For the target speech, DANTALE-II sentences spoken by a female native Danish speaker (Wagener et al., 2003) were used. The target speech was always presented from 0° for the baseline SRT₅₀ measurements (see later). For the subsequent speech recognition scores and the subjective ratings, the target speech was presented either from in front (0°) or the side of the ‘better’ ear (90°). The better ear was defined as the one with the best speech reception threshold (SRT) according to the unaided Hearing in Noise Test (Nielsen & Dau, 2011) that was performed as part of the aforementioned test battery measurements.

To reflect a typical challenging speech-in-noise scenario, two signals were used to simulate a noisy canteen environment. First, the International Speech Test Signal (Holube et al., 2010) was used as a directional distractor from either 90° (target speech from 0°) or 0° (target speech from 90°). The other signal was a spatially diffuse cafeteria noise, which was recorded in a busy university canteen with a pair of HA satellites placed on a dummy-head (Brüel & Kjær Head and Torso Simulator Type 4128-C). The diffuse cafeteria noise was presented at a nominal sound pressure level (SPL) of 65 dB, and the distractor was presented at +2 dB SNR relative to that noise signal. To simplify the test setup, the speech-in-noise signals were precreated at SNRs of –4 to +14 dB in 2-dB steps and then saved as .wav files on the computer.

HA Simulator and HA Processing Strategies

The HA simulator included directional processing (omnidirectional, fixed cardioid, or fixed binaural beamformer setting), noise reduction (maximal attenuation of 0, 5, or 15 dB for ‘off,’ ‘mild,’ and ‘strong,’ respectively), and amplitude compression (attack times of 5 or 250 ms and release times of 10 or 1,250 ms for ‘fast’ and ‘slow’ settings, respectively). The input signals were created using the canteen recording made with the two HA satellites on the dummy-head (see earlier). The same test setup was used to record impulse responses in the empty canteen with loudspeakers positioned at azimuth angles of 0° or 90°. The impulse responses were convolved with the speech and international speech test signals and then mixed with the canteen noise. The stimuli created in this manner were passed through the directional processing stage followed by the noise reduction stage and then the amplitude compression stage. Fully occluding HA fittings were simulated (i.e., there was no direct sound path). The output signals had a sampling frequency of 32 kHz and were played back via headphones (see earlier).

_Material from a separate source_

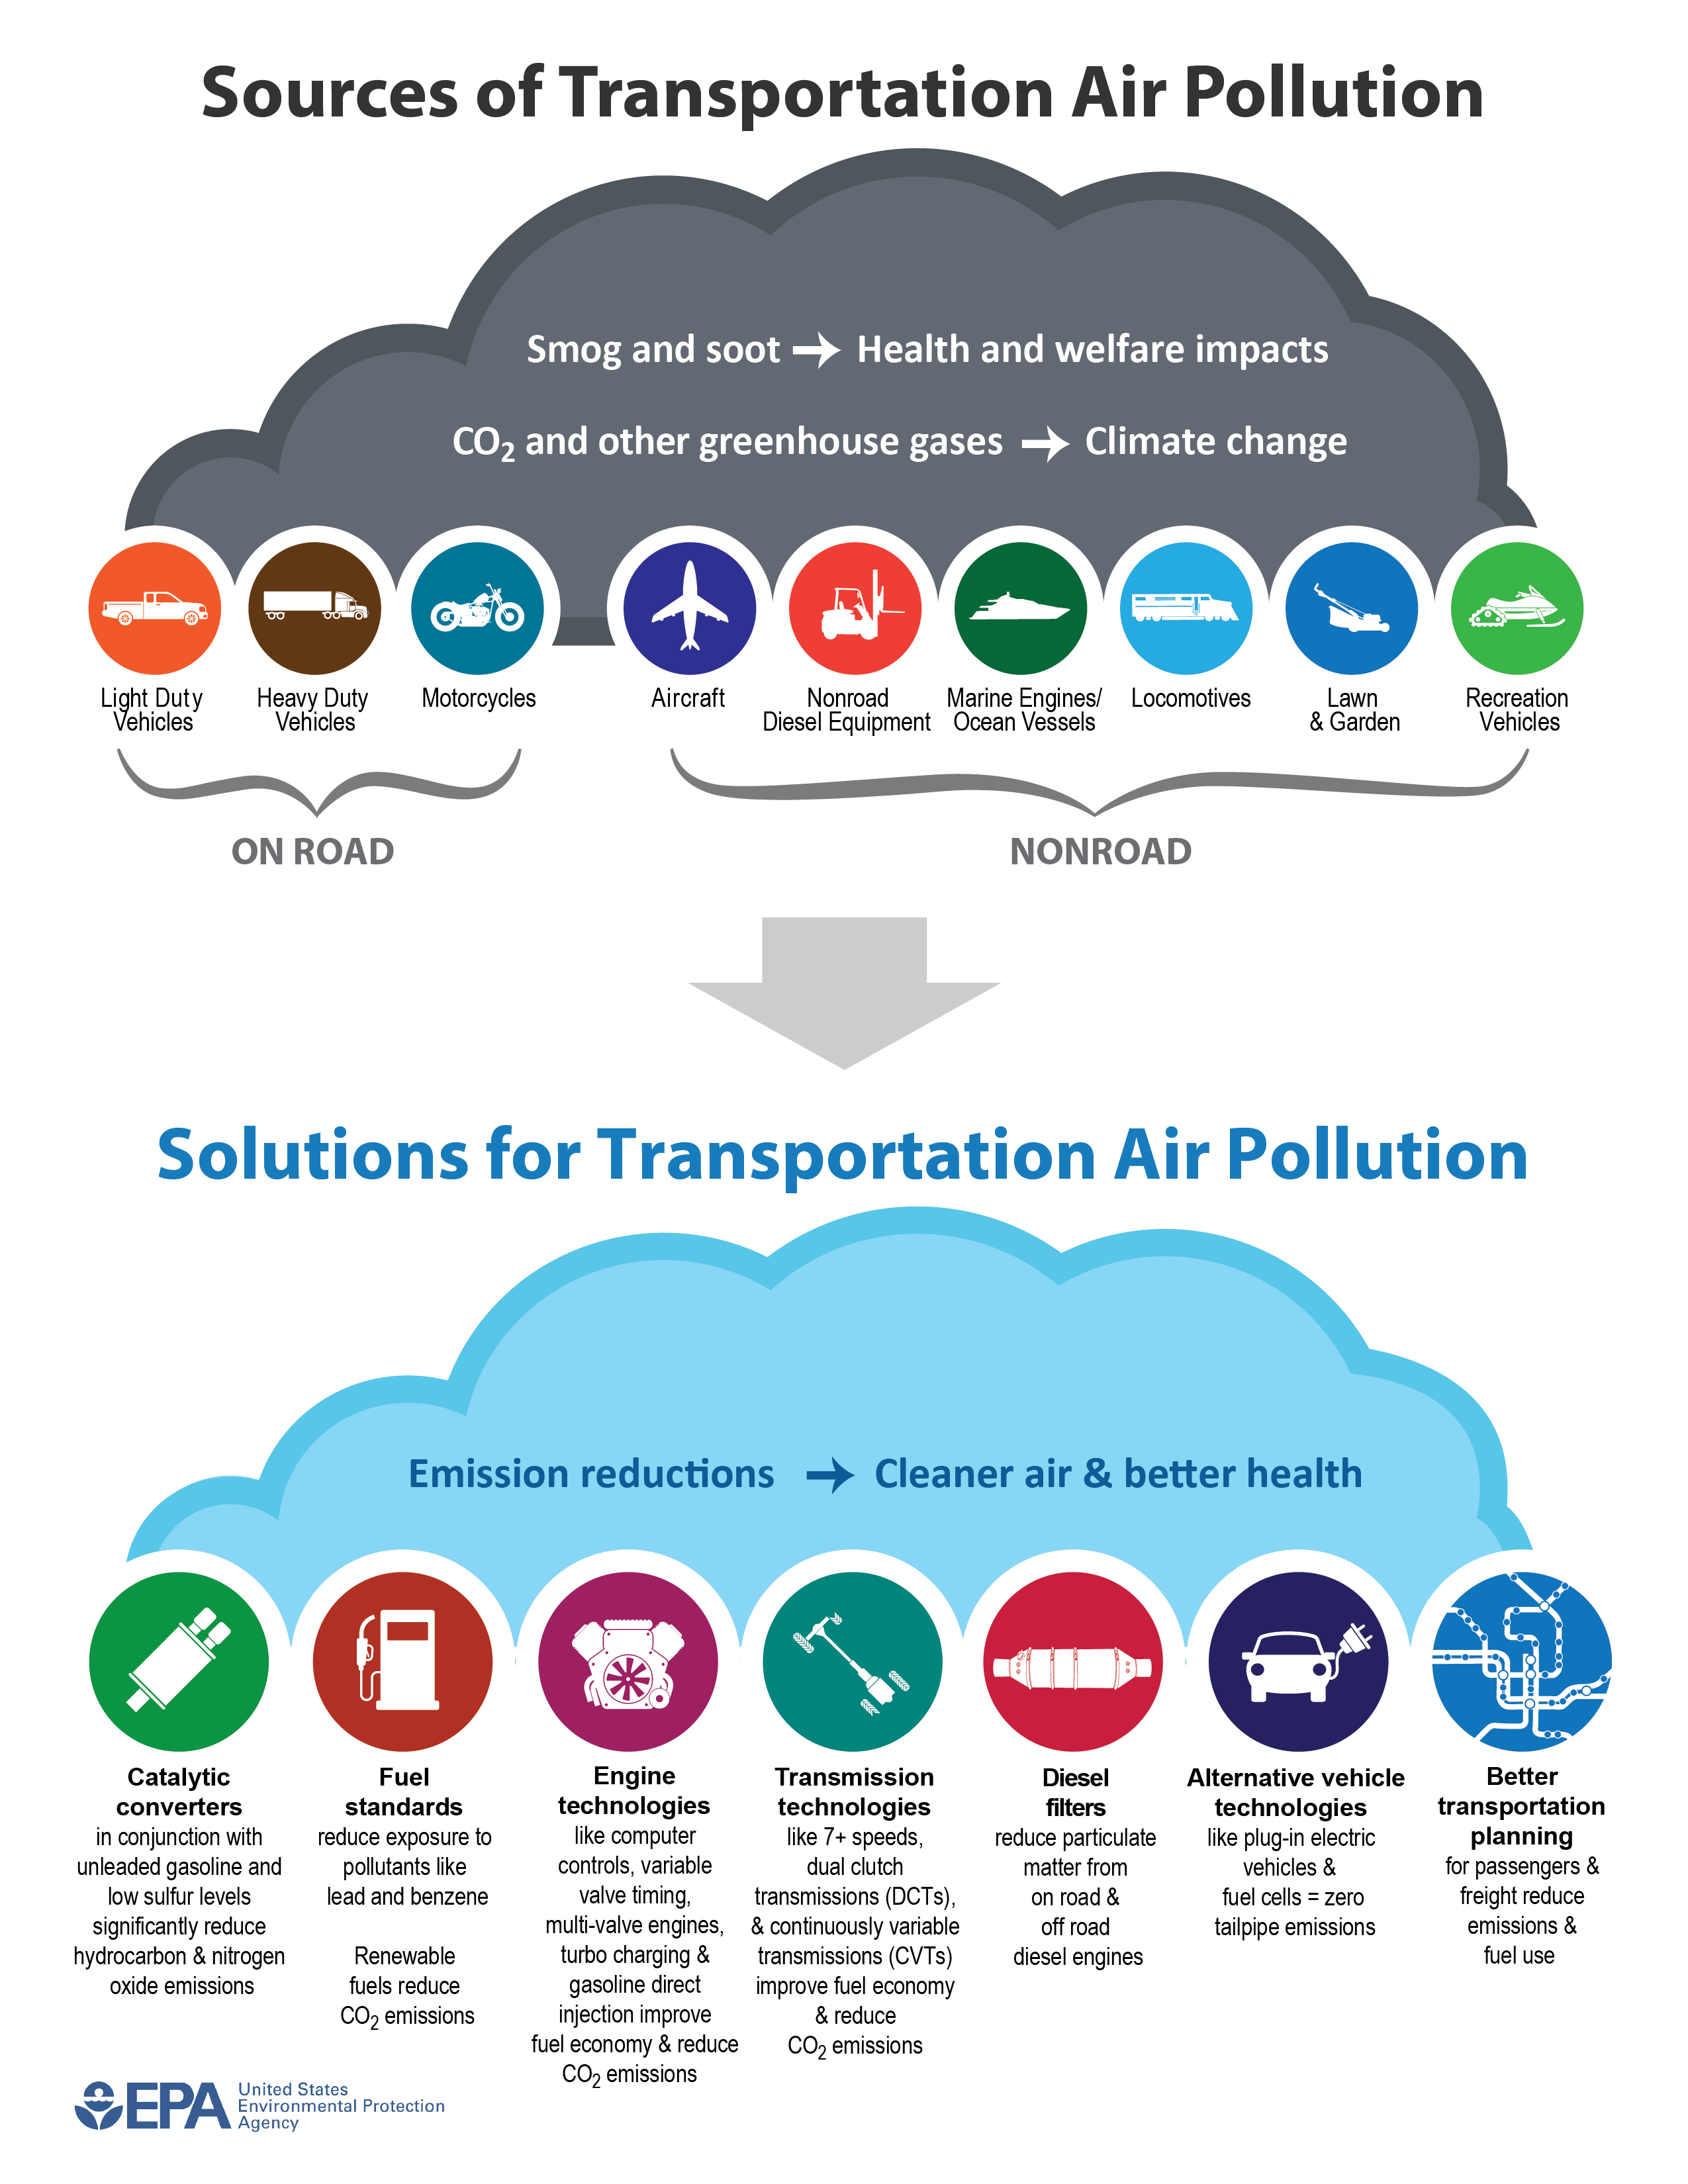 Sources of air pollution cause: PM = soot = lung problems; CO2 = greenhouse gas = climate change; CO, NOx, SOx, &amp; VOC = smog = asthma and poor air quality/visibility. Solutions provide emission reductions that equal human and environmental health gains.

The directional microphone settings were obtained based on impulse responses measured at each of the four HA microphones, with an array of loudspeakers situated in the horizontal plane spaced apart by 5°. A linear filter was designed for each microphone pair (front, rear) and optimized in a least-square sense with respect to a predefined beam pattern. To obtain the cardioid setting, unilateral beamforming was applied above 1 kHz; at lower frequencies, the front microphone signal was used. For the binaural beamformer setting, the signals from all four HA microphones were processed in a similar fashion, resulting in a diotic output signal. To reintroduce some interaural differences and thus improve the spatial sound quality, this signal (85%) was mixed with the original signals from the left and right front microphones (15%).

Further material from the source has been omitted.